The horizon created by the 2 cameras also ruined many of the best shots in the cemetery. Some of the most important graves were cut off by the horizon. While this is not vital, it is a huge learning lesson. A lesson for the camera owners to make sure they calibrate their cameras properly, and a lesson for myself and other producers on what to look out for in the future. Even as a seasoned producer I have not dealt with drones much and as with any camera/new shooting ceremony; something will always go unexpectedly. In this field test, this was that instance.

While not everything went to plan, that is the essence of a field test. What’s reassuring is the fact that virtually all respondents said this technology will help the historical storytelling aspect of their field. However, the consensus was that it will not be helpful immediately. If it is at all helpful in the present, it’s for a small corner of their market. There is no doubt though that this technology will become an ever-emerging presence in not only the way historical documentation takes place, but all storytelling documentation in the future.

So, How Effective Was It?

After reviewing the tangible use of 360 VR drone footage in the field and testing respondent experts in their historical field, I would say that at the current moment it is just useful. Not extremely useful, and not useless. It’s not useless because there will always be a certain level of intrigue when it comes to stories with shots like this. They’re immersive, controllable, and somewhat mystic in nature. Enough people use VR or have an interest in it to not render it useless in this application. However, as stated, it is not extremely useful either. The lack of accessibility of this technology, especially by the demographics of people who deeply research history (according to Andrew Carroll) makes this something that has a lot of building to do in certain communities. In time, 360 VR will get there, but it just isn’t yet.

As of right now, this is something a producer should have in their tool kit, but not lean on too much. You’ll get some compelling footage, but too much is overkill. Use it to drive a point or get an atmospheric feel across; but past that; I’m afraid that’s about as far as I see this tool going in to current historical market.

Moving Forward…

The future of drone 360 VR is bright, it’s just in it’s infancy. This field test certainly proved that the potential is there, but it simply is not developed enough for non-producers/tech-savvy people to invest in. In the future, I can see this actually getting very intricate in historical documentation. I imagine (when drones get so precise at controlling themselves that there is almost no risk of crashing) that historians will send drones into extreme places. For instance, historic caverns or temples that perhaps even a human body can’t fit through…send a drone.

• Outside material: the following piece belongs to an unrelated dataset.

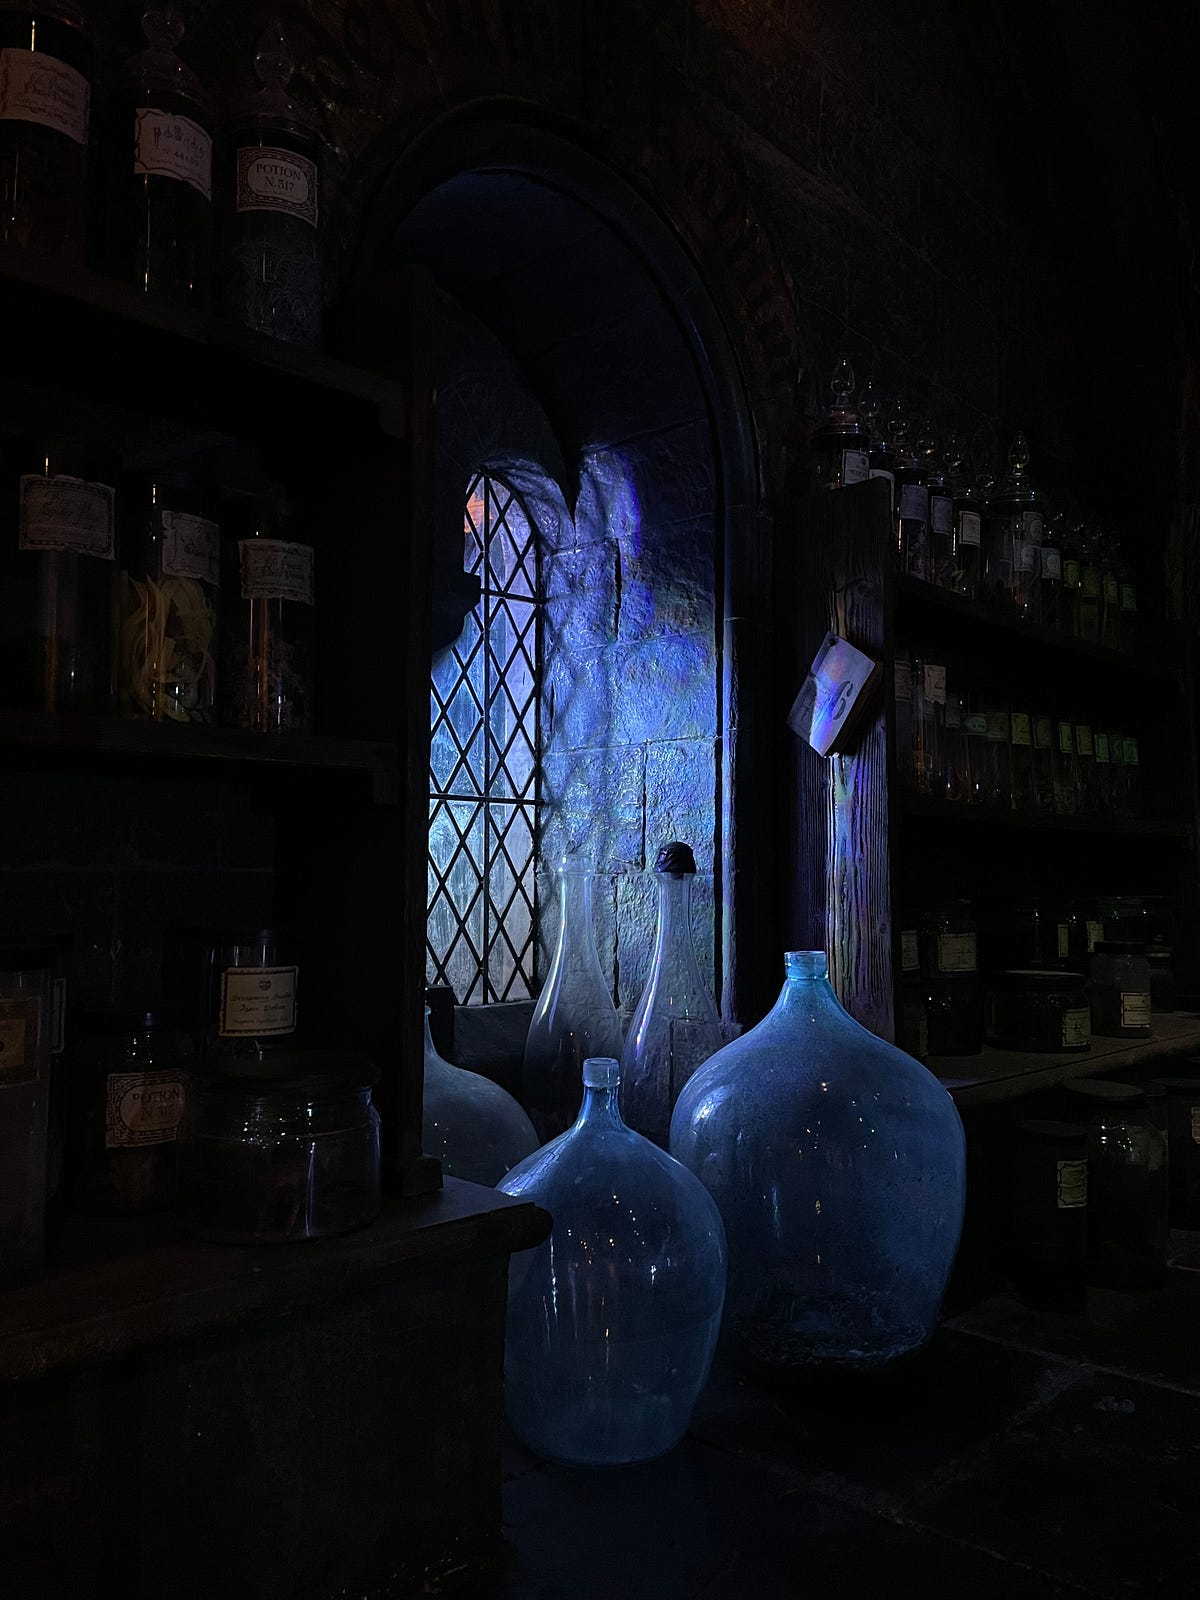 ma potion magique by Jocelyne Ammar

There will likely come a time too when A) the batteries do not die as quickly (even this brand new drone could not fly for more than 10 minutes fully charged) and B) the range will be greatly increased. Imagine if you could send a drone into a cavern and go get a coffee then come back and it’s finally finished. A drone which is so dependable and fail-safe that it basically does all of the documentation work for you; that is where I see the future going. I hope it does.

There will be naysayers who feel that this is ruining videographer’s jobs or that it is lazy documentation but as technology advances doesn’t everything get more lazy? It’s that essentially what majority of technology is; a way to make things more efficient/easier for the user? Like it or not, it’s going to stay; and surely get more advanced. Historical documentation will not be the only field affected, I foresee virtually every field that requires production being affected. 360 VR drones are one more example of how emerging technologies are going to shape the way we tell the stories of tomorrow, and the journalists/producers who embrace it and help it grow will forever be at the cutting edge of their markets.